From a February 1, 2018 BioPharmaDIVE news report, "FDA adds black box warning to Intercept's Ocaliva", we get additional details about this Ocaliva drug safety development:
Ocaliva (obeticholic acid) is Intercept's sole marketed product, winning approval in May 2016 for a rare type of chronic liver disease known as primary biliary cholangitis or PBC. Few other treatments exist for the progressive disease, which can lead to cirrhosis and liver failure....

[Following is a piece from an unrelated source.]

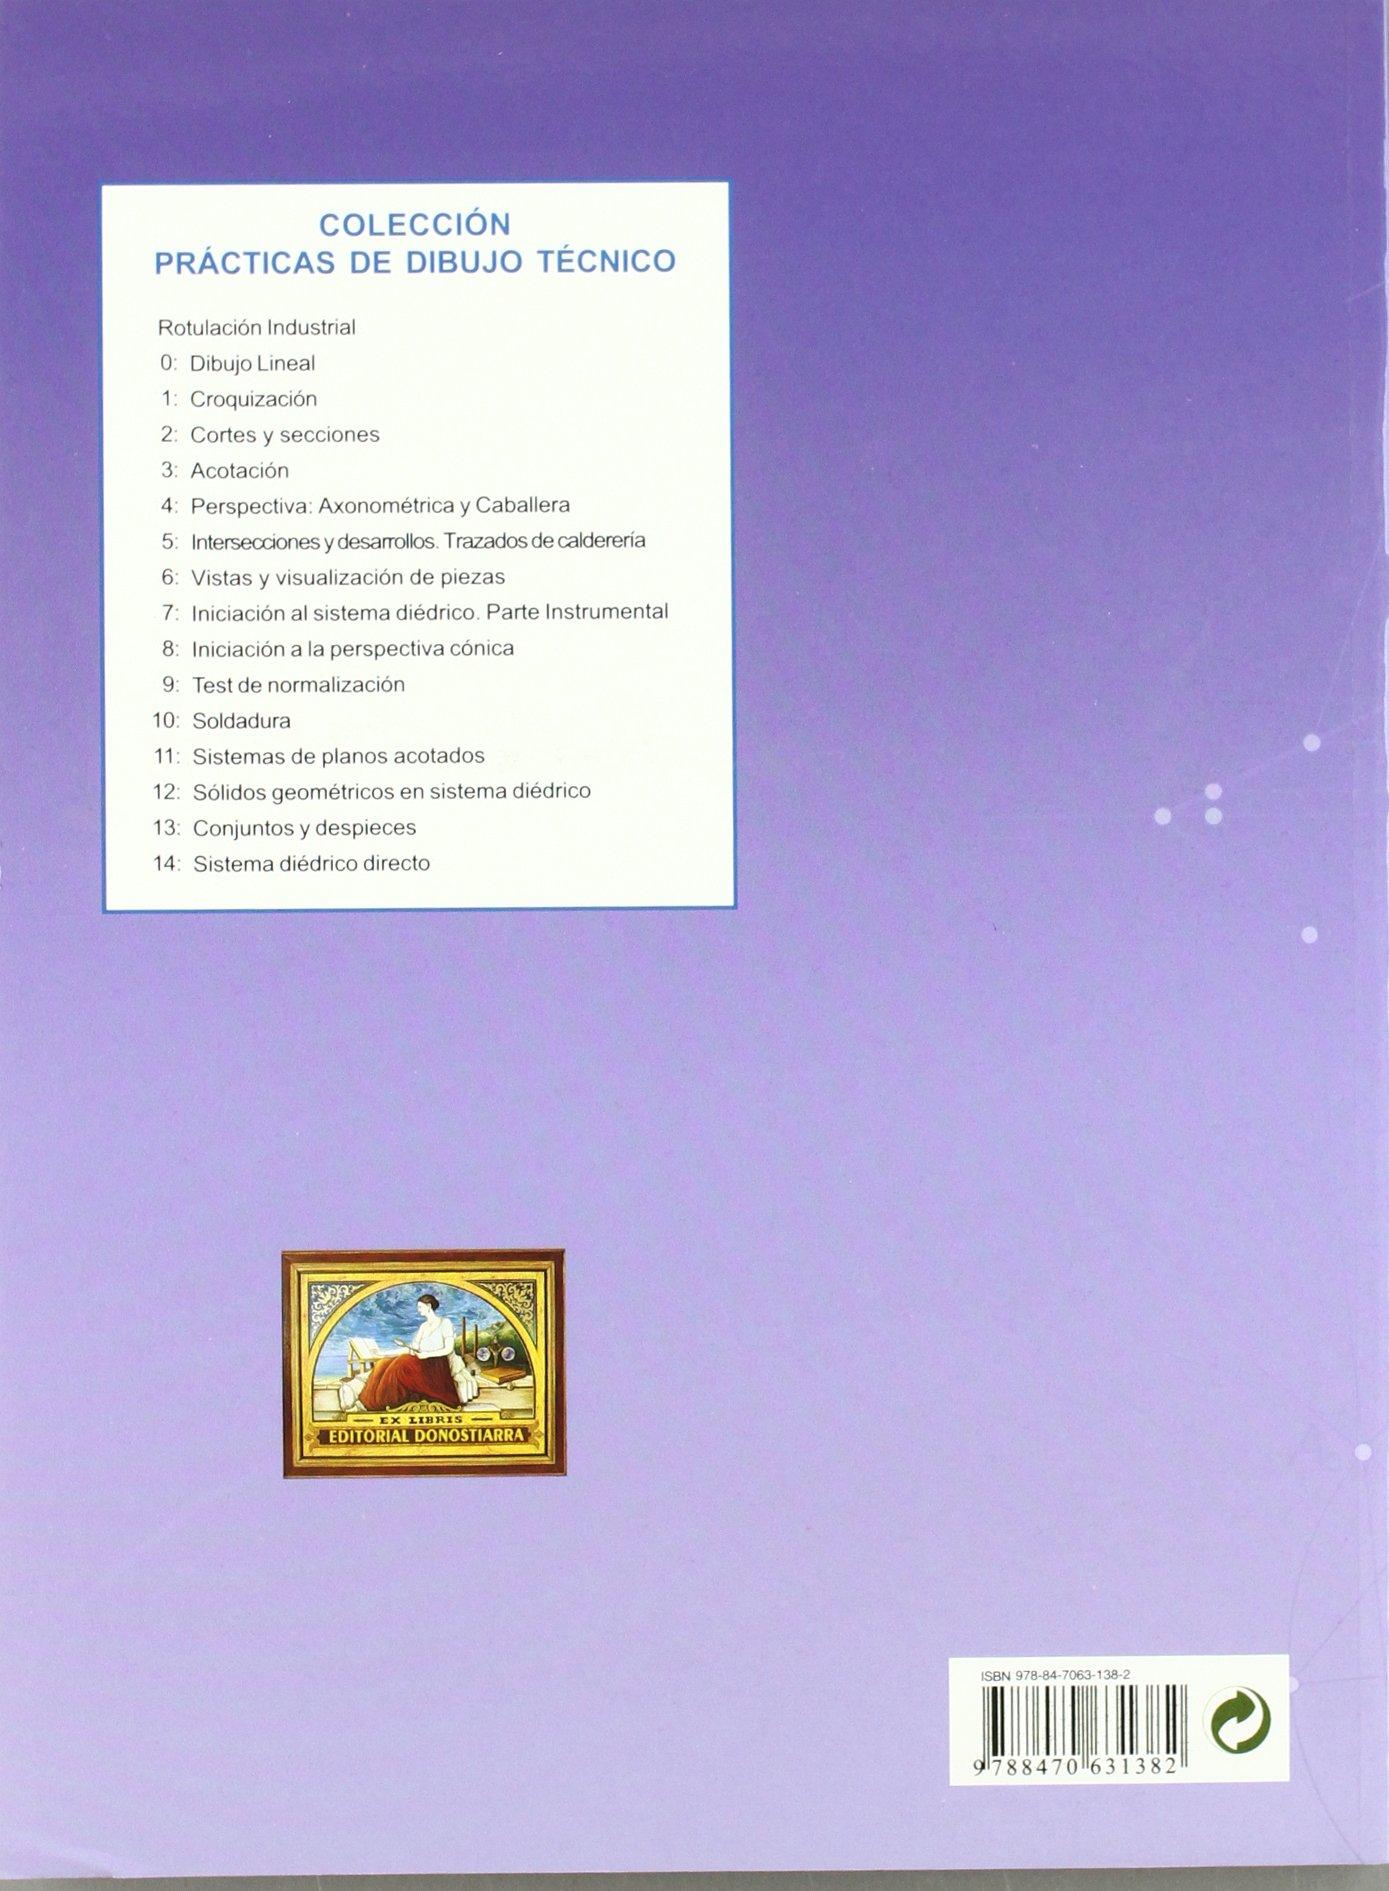 Prácticas de dibujo, n. 7 : sistema diédrico: 9788470631382: Amazon.com: Books
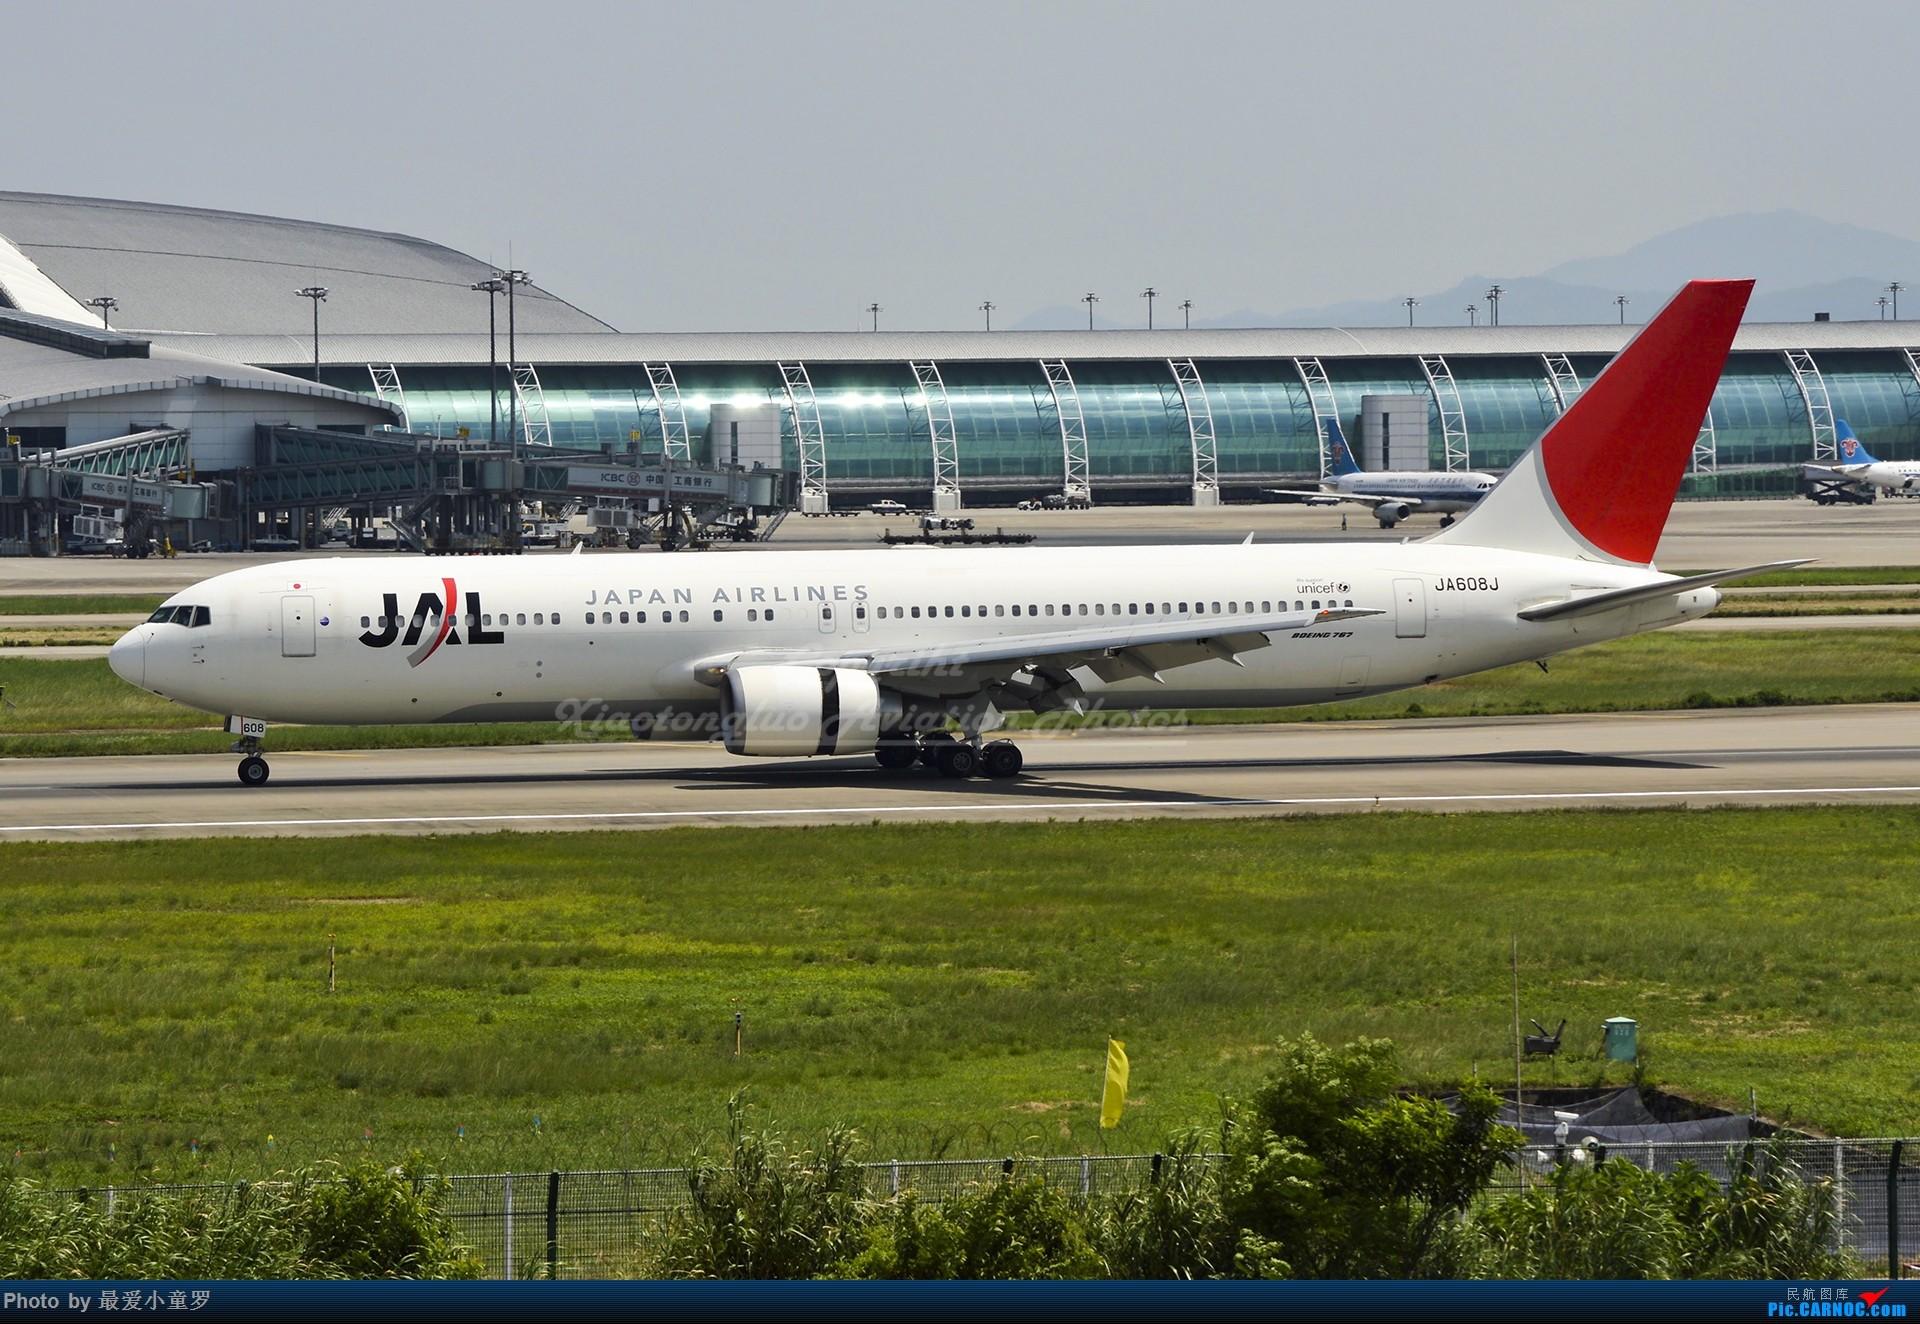 Re:[原创]2013-2018,系列组图纪念拍机5周年 BOEING 767-300ER JA608J 中国广州白云国际机场

In September, the company issued a so-called "Dear Health Care Provider" letter warning of complications including liver failure and death when patients with moderate to severe PBC received higher-than-intended doses of Ocaliva. [Note: Added link to this Intercept Pharmaceuticals letter about Ocaliva dated 9/8/17.]
The FDA followed that up with a drug safety communication outlining similar concerns. By the regulator's tally, nineteen patients receiving Ocaliva died over the 13 months from the drug's launch through last September. Seven out of the eight fatal cases with available information on cause of death showed the patients had incorrectly received daily doses, instead of the weekly administration recommended for those with moderate to severe declines in liver function.
Lastly, according to Intercept Pharmaceutical’s February 1, 2018 press release, the company is also working with the European Medicines Agency to update the Ocaliva drug label in Europe and will issue a Direct Healthcare Professional Communication to educate physicians on the appropriate Ocaliva dosage for patients with advanced cirrhosis.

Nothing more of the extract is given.